ADDIO A ENZO BETTIZA, giornalista e scrittore italiano scomparso oggi (Spalato, 7 giugno 1927 – 28 luglio 2017)

Lo ricordiamo pubblicando la recensione apparsa sul quotidiano “La Repubblica” dedicata a “Esilio” (con cui Bettiza vinse il Premio Campiello nel 1996): memoria dell’infanzia e adolescenza nella natia Dalmazia dagli anni venti alla Seconda guerra mondiale

Enzo Bettiza è stato corrispondente prima da Vienna e poi da Mosca della “Stampa” dal 1957 alla fine del 1964 . Per dieci anni inviato e fondista del “Corriere della Sera”, e nel 1974 ha dato vita, con Indro Montanelli, al “Giornale”, di cui è stato condirettore vicario fino al 1983. Ha dedicato gran parte della sua attività narrativa e saggistica alla riflessione sul destino dell’Europa moderna.
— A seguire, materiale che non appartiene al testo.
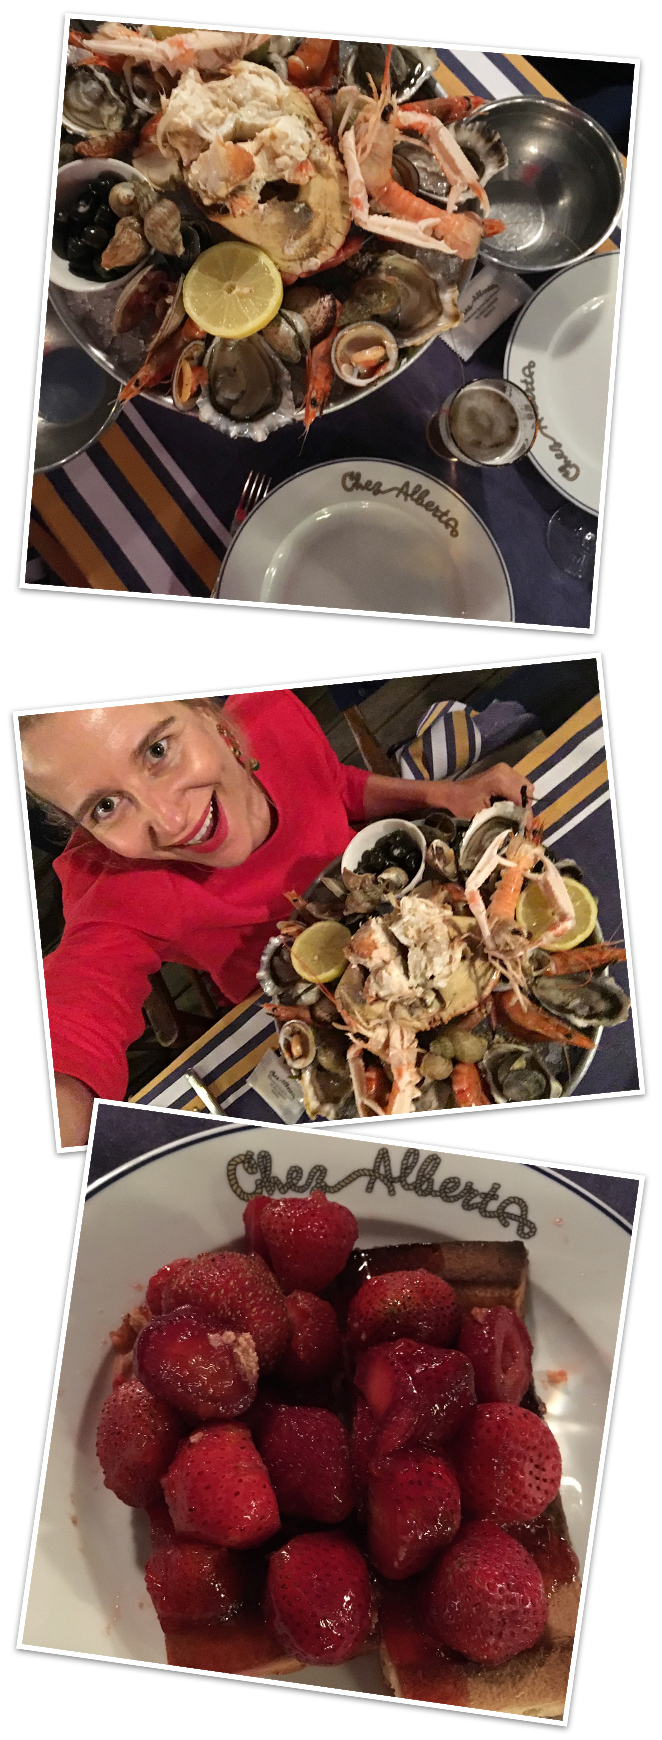 Para una cena especial mi favorito es Chez Albert, que se encuentra en el puerto de Biarritz, y donde podréis tomar marisco y de postre una deliciosa tarta de fresas

Ha pubblicato fra l’altro: “La campagna elettorale” (1953), “Il fantasma di Trieste” (1958), “Il diario di Mosca” (1970), “Il mistero di Lenin” (1982), “L’anno della tigre” (1987), “I fantasmi di Mosca” (1993), “Esilio” (1996, premio Campiello), “L’ombra rossa” (1998), “La cavalcata del secolo” (2000), “Il libro perduto” (2005), l’introduzione al Meridiano dedicato a Guido Piovene (1976), “Corone e maschere”, “Viaggio nell’ignoto”, “1956”, “La primavera di Praga”, “La distrazione” (2013).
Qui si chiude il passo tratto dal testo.